Economic Affairs published Macro Monitor 2012: Smaartmodel projected 5% economic growth

POSTED: 01/4/13 1:09 PM

St. Maarten – The Ministry of Economic Affairs predicted in its Macro Monitor that the local economy would grow by a sturdy 5 percent in 2012. This is in sharp contrast with a report from the Central Bank of Curacao and St. Maarten: at the beginning of last year, the bank predicted that the economy would not grow at all, but that it would shrink by 0.3 percent.

The Macro Monitor the ministry published on its website this week covers the real developments in the first six months of 2012. The data used for the report were compiled, collated and analyzed in an Excel spreadsheet dubbed Smaartmodel. “This model is an analytical tool to present a holistic view of the operation of the economy,” the report states. “It was built from scratch using past historical data on the various sectors of the economy.”

The main purpose of Smaartmodel is “to analyze the economic impact of fiscal and monetary policy decisions, and the monitoring and forecasting of key economic indicators.”

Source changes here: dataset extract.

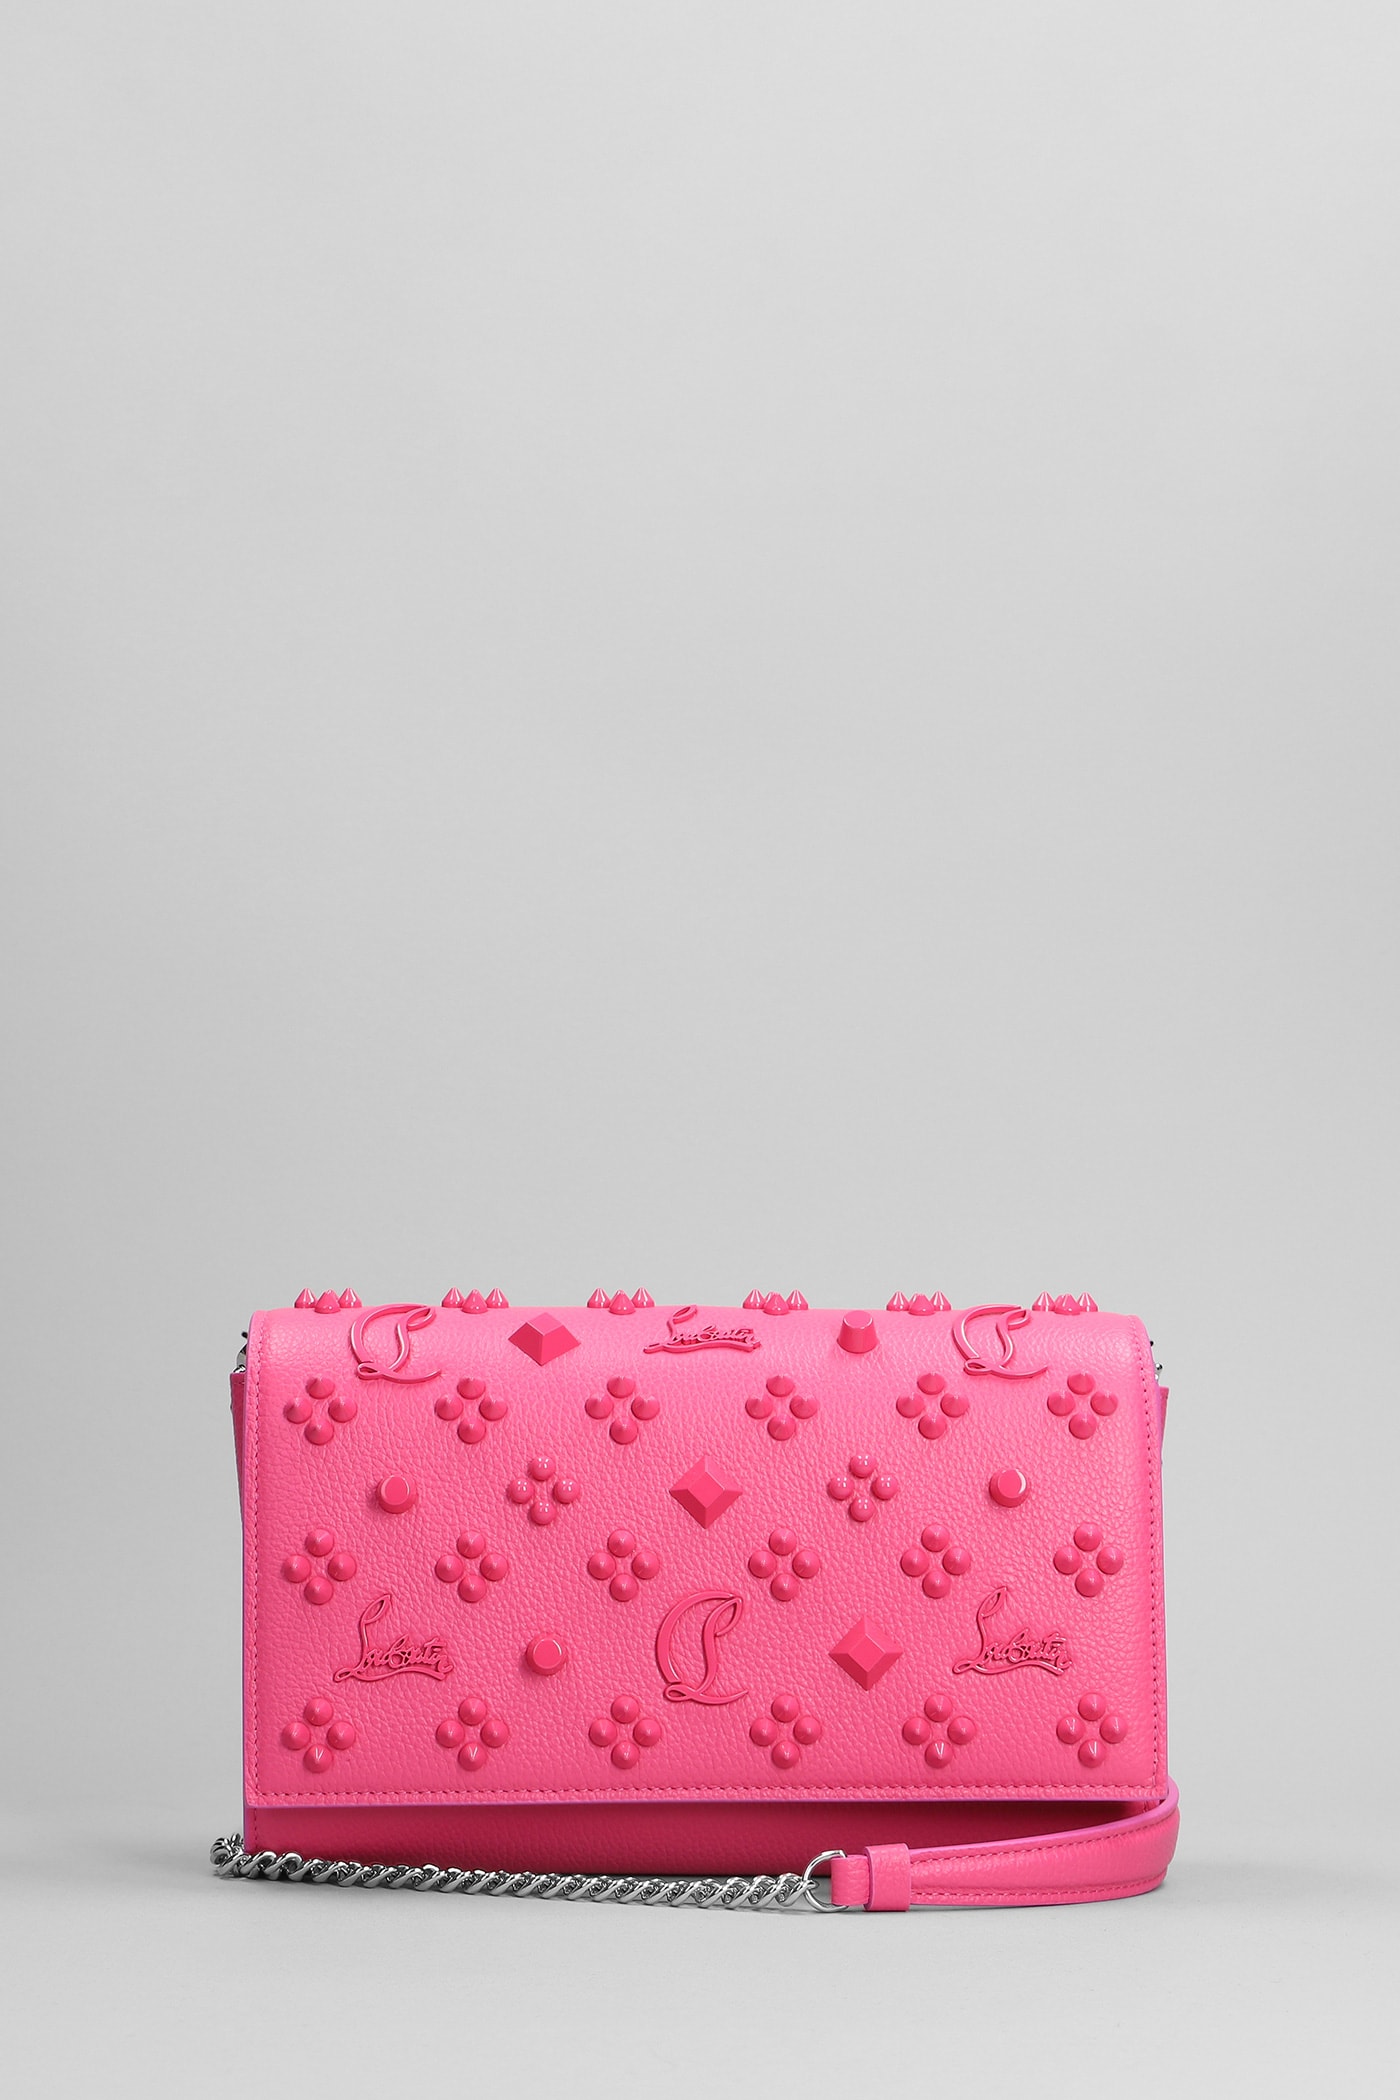 Christian Louboutin Paloma Clutch Hand Bag In Rose-pink Leather

The report adopted “a number of assumptions” for its projections. The economy’s expansion by 5 percent is one of these assumptions. The report’s authors also assumed that unemployment would decline from 12.7 to 11 percent by the end of 2012, that government revenue would increase, that inflation would increase to 4.1 percent and that imports and exports would both increase.

The justification for the 5 percent economic growth is the 10 percent increase in cruise passenger arrivals and the 11 percent increase in stay-over tourism in the first half of the year, the report states.

It furthermore mentions “increased investments and increased employment for 2012” as indicators that unemployment will go down.

The report makes once again clear how the local economy depends on tourism: 75 percent of all exports are tourism-related. The North-American market accounts for 60 percent of stay-over tourism; Europe adds 16 percent.

In the first six months of last year stay-over arrivals from the Caribbean region increased by 8.9 percent. “According to the Caribbean Tourism Office individuals within the region stay a shorter period on the island but they spend more than individuals from other regions who stay longer. This implies that more focus should be placed on the region in terms of marketing St. Maarten as a shopping hub,” the report states.

The increase in stay-over tourism is due to “the continual promotional rates of the hotel industry” – a clear indication that hotels had to slash prices to attract customers. The report does not say how this affects the industry’s profitability. Instead, it mentions that stay over tourism was above average during the first six months of 2012 compared to the same period over the last ten years.

The occupancy rate in hotels was therefore higher than in the first half of 2011. Apart from lower rates, the sector has also switched to marketing all inclusive packages. The Sonesta hotels in Maho and Great Bay, good for a combined 777 rooms (more than half of the available hotel rooms in St. Maarten – also shifted to all inclusive offers.

The timeshare industry recorded an average occupancy rate of 61.9 percent, compared to 65.9 percent for the hotel sector. Both hotels and timeshare peak in February (with 81.4 and 87.3 percent occupancy), but these percentages drop sharply toward the summer. In June hotels recorded 47.5 percent and the timeshare projects 61.9 percent. Both sectors have something in common though: the occupancy rates in the second quarter were significantly higher than in the same period in 2011.

For cruise tourism, the report made an accurate projection for the whole year of a bit more than 1.7 million arrivals. In the first six months arrivals totaled slightly over 1 million, about 100,000 more than in 2011. This sector peaks in the first three months, with for instance 250,000 in January and declines gradually in the second quarter, to 77,000 in June.

From the report it appears that government revenue did not keep up with spending: revenue in the first 6 months was up 10 percent, but expenditures increased by 12 percent. Revenue still outpaced expenditures in absolute numbers by 235 to 215 million guilders ($131.3 to $120.1 million).